This section summarizes technical information about running applications under Windows 98. For more information about the supporting system components, see Chapter 28, "Windows 98 Architecture."

System Changes Affecting Application Support

The following sections describe how system changes affect 16-bit and 32-bit applications and MS-DOS-based applications.

Windows 98 changes the system configuration files, as described in Chapter 5, "Setup Technical Discussion." The following changes affect application support:

To create a dummy Share.exe file

  1. At the command prompt, go to the \Windows\Command directory and type Copy con share.exe.
  2. Press ENTER at least twice.
  3. Press CTRL+Z, and then press ENTER again. A dummy file called Share.exe is created.

Distributed Component Object Model

The Distributed Component Object Model (Distributed COM) is based on the COM standard. With COM, an object can have multiple interfaces (the set of methods and properties the object supports). When an application accesses a COM object, it always uses an interface pointer. As a result, the calling application does not need to know the location of the object or how it is implemented. Also, developers can modify the implementation of COM interfaces — or add support for additional interfaces to your components — without rebuilding the client applications that use them.

COM also provides location transparency. All method calls on objects are similar to in-process function calls. The operating system handles all the details of making the call across processes.

As Figure 25.3 shows, Distributed COM extends COM to make the call across computers and to add security mechanisms. An application does not need to know the details of local or remote procedure calls (RPCs).

Figure 25.3 Distributed COM schematic overview

Win32-based Applications

Applications that use Win32 application programming interfaces (APIs) can take full advantage of all Windows 98 performance enhancement features. Win32-based applications can utilize multitasking, Win32 APIs, long file name support, separate message queues, and memory protection. Each Win32-based application runs in its own fully protected, private address space, preventing it from causing the operating system or other applications to fail and preventing interference from errors generated by other applications. In addition, you can manage files from the Open dialog box in Win32-based applications.

To support preemptive multitasking, the Windows 98 kernel schedules the time allotted for running applications.
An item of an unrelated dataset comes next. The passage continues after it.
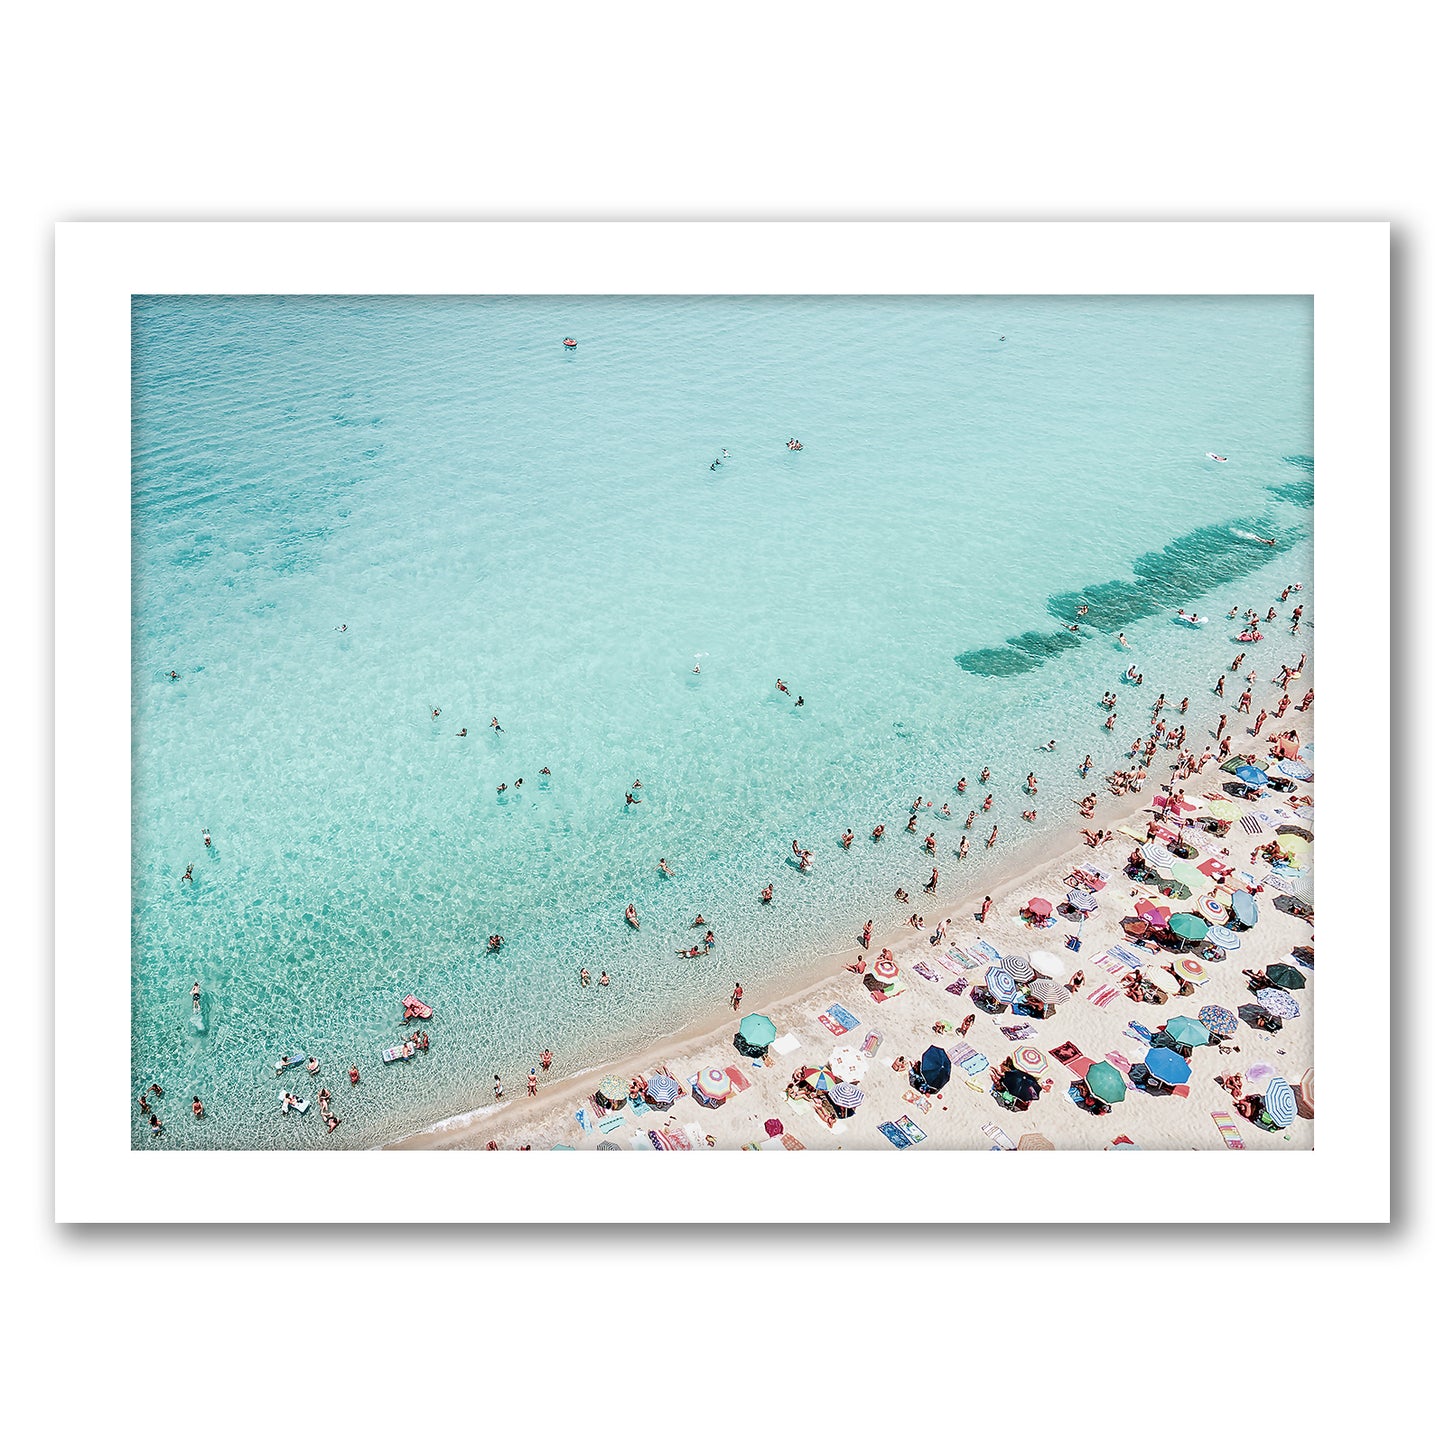 Ocean and Beach Photography - 6 Piece Framed Gallery Wall Set - Art Set - Americanflat

This results in smoother concurrent processing and prevents any one application from using all system resources without permitting other tasks to run. (An exception is when you run an MS-DOS-based application in MS-DOS mode, which gives the application exclusive use of system resources.) Win32-based applications can implement threads to improve the level of detail at which they can take advantage of multitasking. As Figure 25.4 shows, each Win32-based application has its own message queue and, consequently, is not affected by how other tasks access message queues.

Figure 25.4 Message queues in Windows 98

Resources allocated for each Win32-based application tracked on a per-thread basis are automatically freed when the application ends. If an application stops responding, you can press CTRL+ALT+DEL to display the Close Program dialog box, and then close the unresponsive application without affecting other running tasks.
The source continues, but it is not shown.